Now, in general, when he was drunk Mannie was able to keep from talking about his legal cases, but this time he was drunk in the presence of Bill Kingdom, reporter for the Advocate-Times, and Mr. Kingdom was an even harder cross-examiner than Mr. Silverhorn.

Bill had been speaking without affection of Dr. Gantry when Mannie leered, “Say, jeeze, Bill, your Doc Gantry is going to get his! Oh, I got him where I want him! And maybe it won’t cost him some money to be so popular with the ladies!”

Bill looked rigorously uninterested. “Aw, what are you trying to pull, Mannie! Don’t be a fool! You haven’t got anything on Elmer, and you never will have. He’s too smart for you!

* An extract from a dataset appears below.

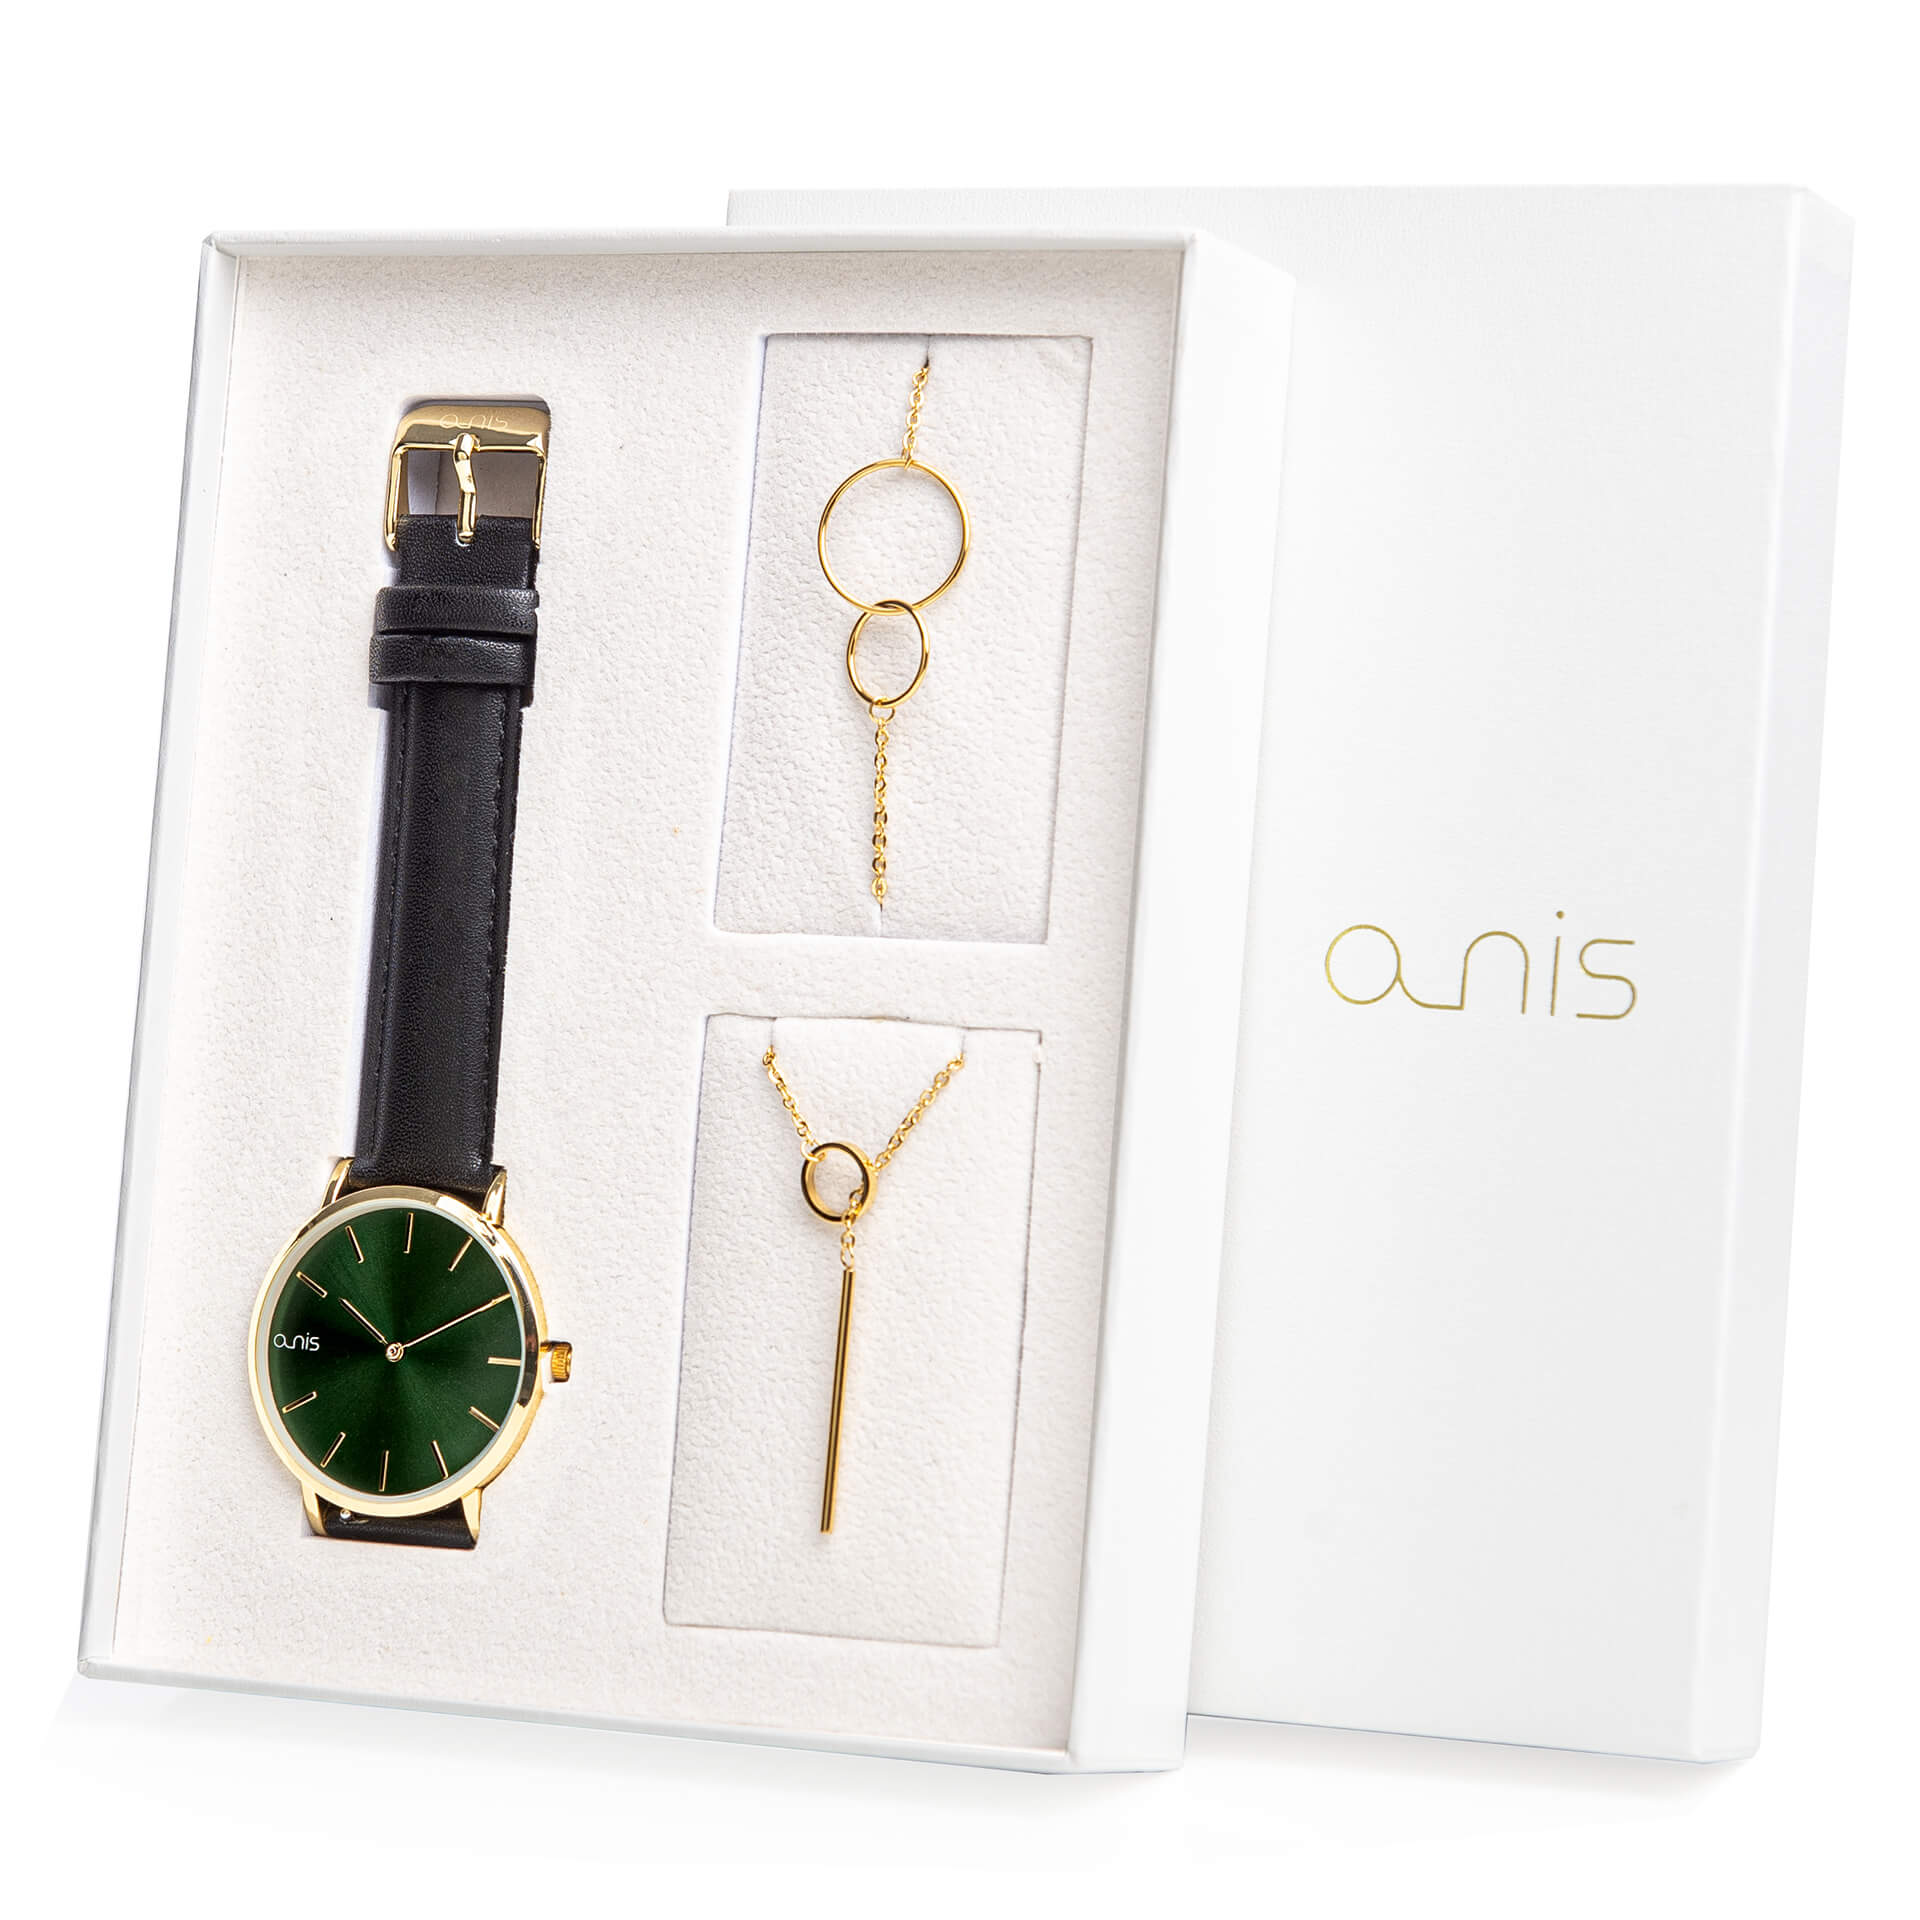 A-NIS Set hodinek, náhrdelníku a náramku AS100-26

You haven’t got enough brains to get that guy, Mannie!”

“Me? I haven’t got enough brains⁠—Say, listen!”

Yes, Mannie was drunk. Even so, it was only after an hour of badgering Mannie about his inferiority to Elmer in trickiness, an hour of Bill’s harsh yet dulcet flattery, an hour of Bill’s rather novel willingness to buy drinks, that an infuriated Mannie shrieked, “All right, you get a stenographer that’s a notary public and I’ll dictate it!”

And at two in the morning, to an irritated but alert court reporter in his shambles of a hotel room, Mannie Silverhorn dictated and signed a statement that unless the Reverend Dr. Elmer Gantry settled out of court, he would be sued (Emmanuel Silverhorn attorney) for fifty thousand dollars for having, by inexcusable intimacy with her, alienated Hettie Dowler’s affections from her husband.